▸ Data shown:
○ ○ ○ ○

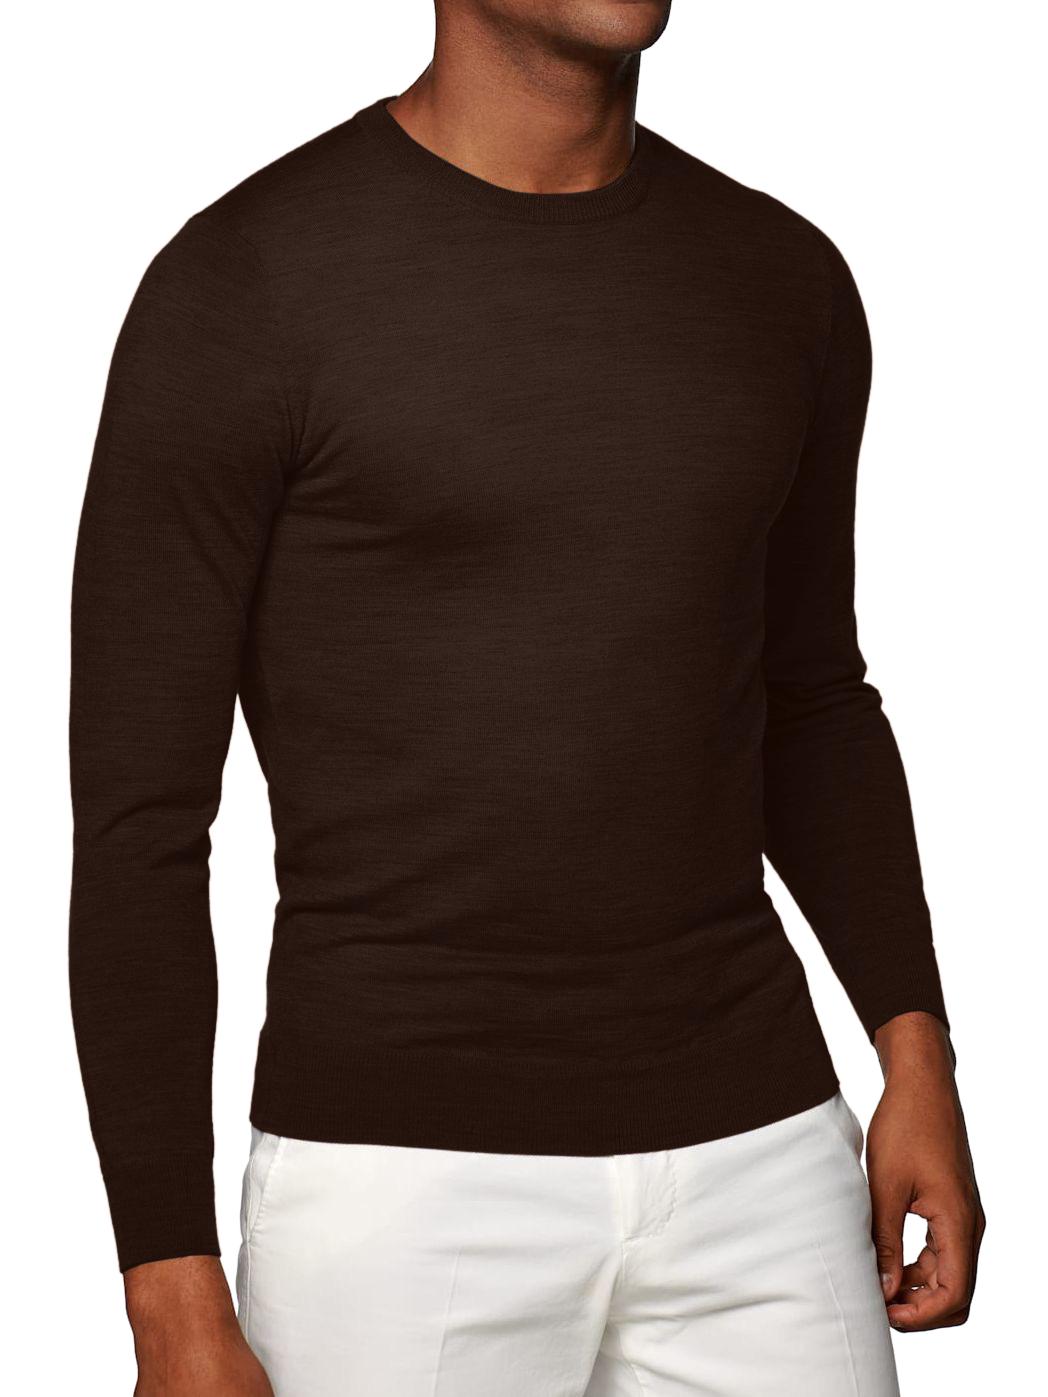 Chocolate Cashmere Crew Neck Sweater
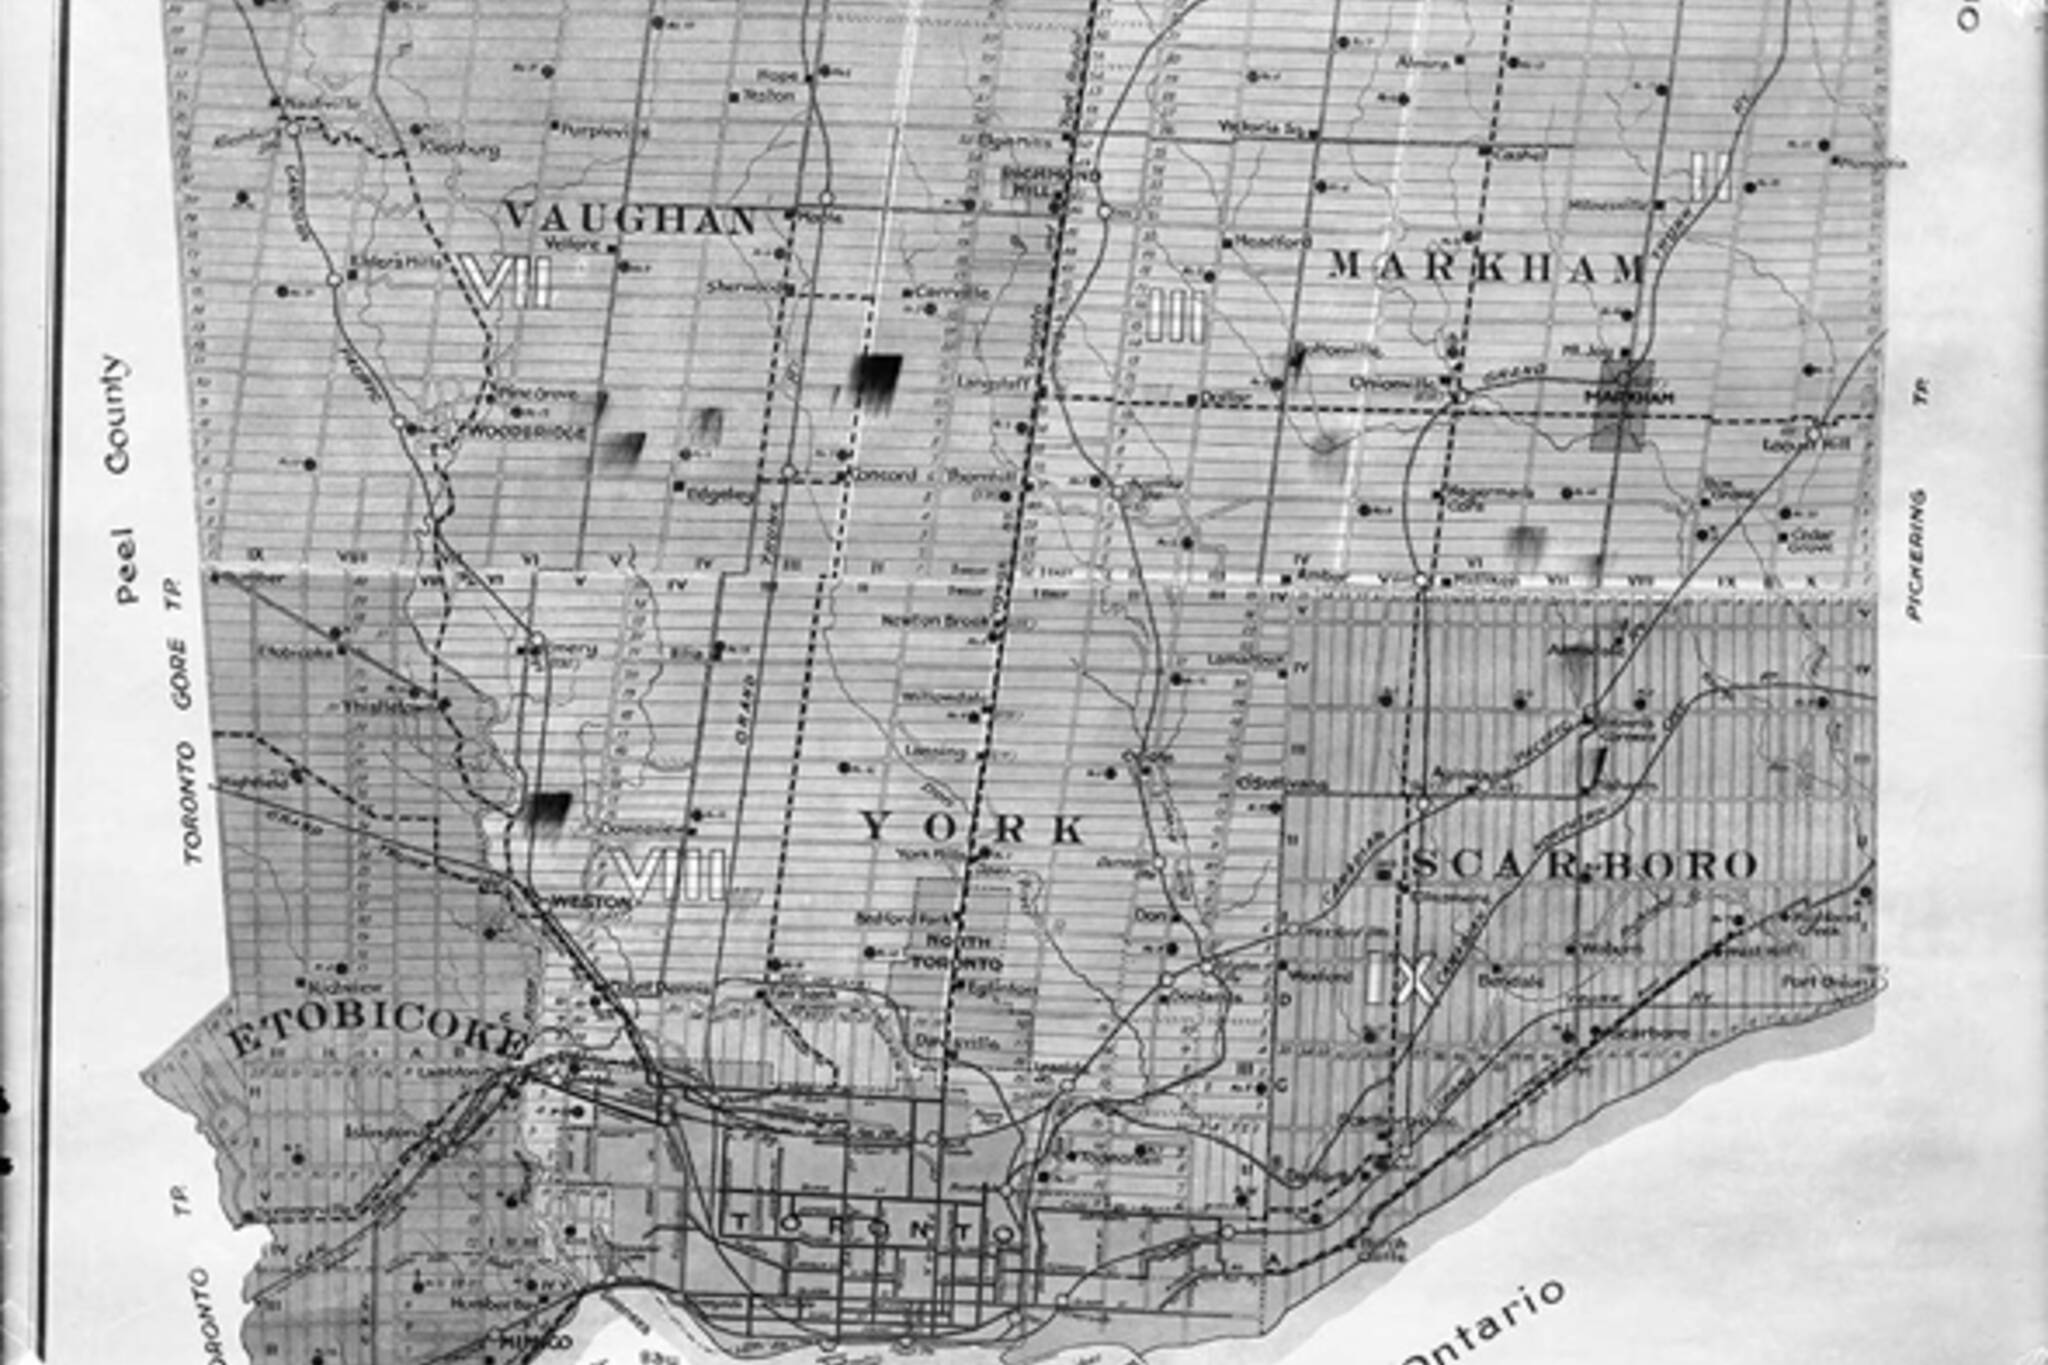 Toronto, history, neighbourhoods, Brockton, Ellesmere, Scarborough, postwar, suburbs, York County
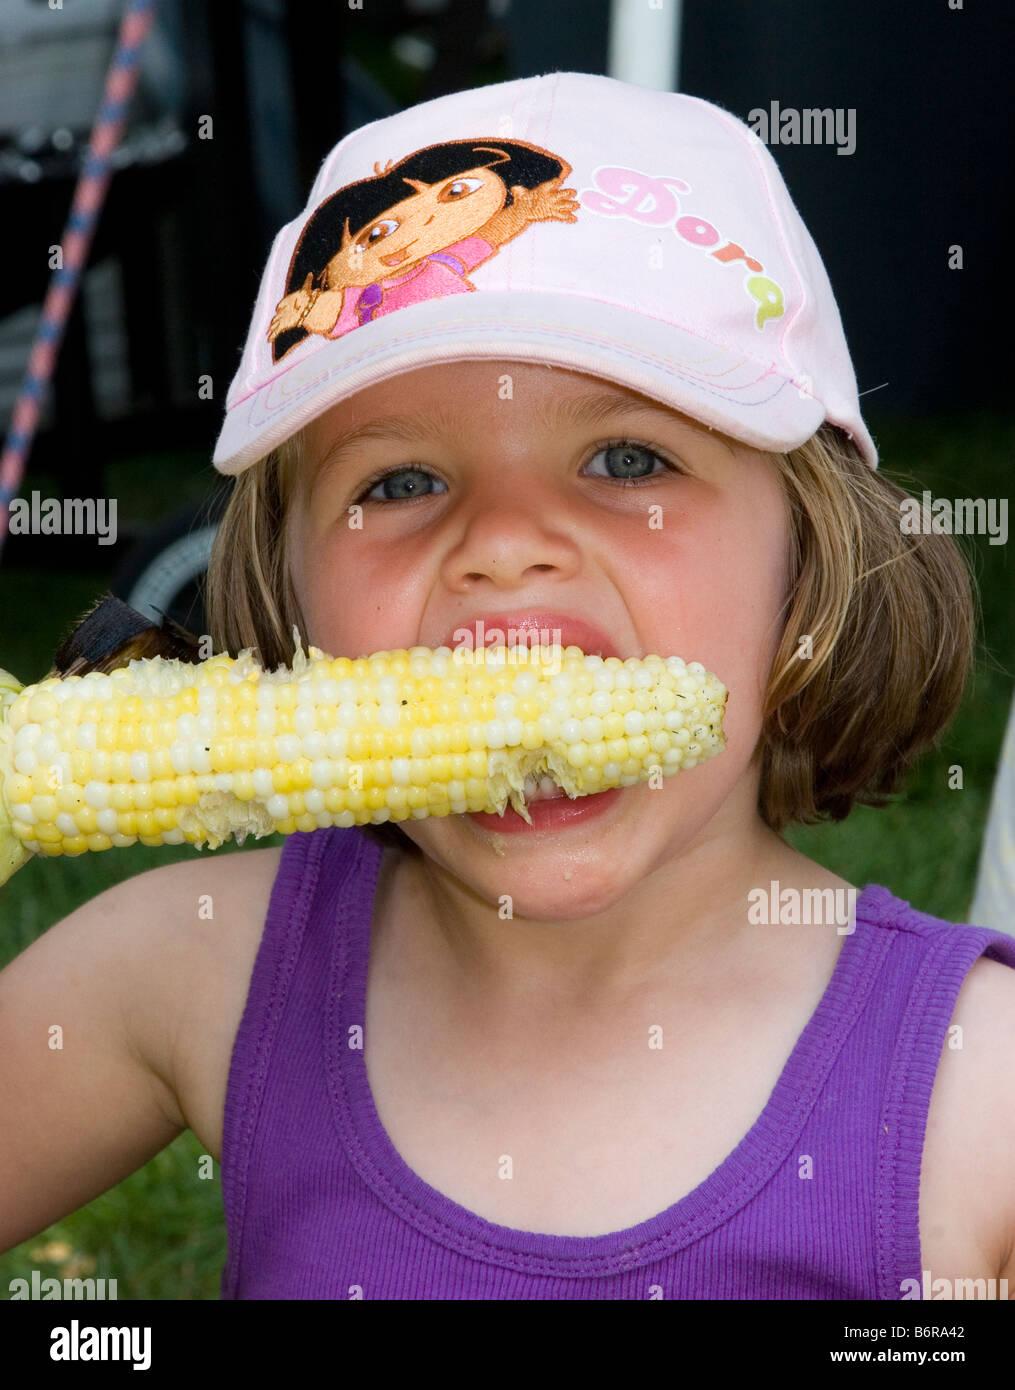 Young girl eats corn on the cob - Stock Image

○ ○ ○ ○

▸ Instructions to follow:
Return the data above in its exact wording, with none of the pictures.

▸ Completed exercise:
 Chocolate Cashmere Crew Neck Sweater
 Toronto, history, neighbourhoods, Brockton, Ellesmere, Scarborough, postwar, suburbs, York County
 Young girl eats corn on the cob - Stock Image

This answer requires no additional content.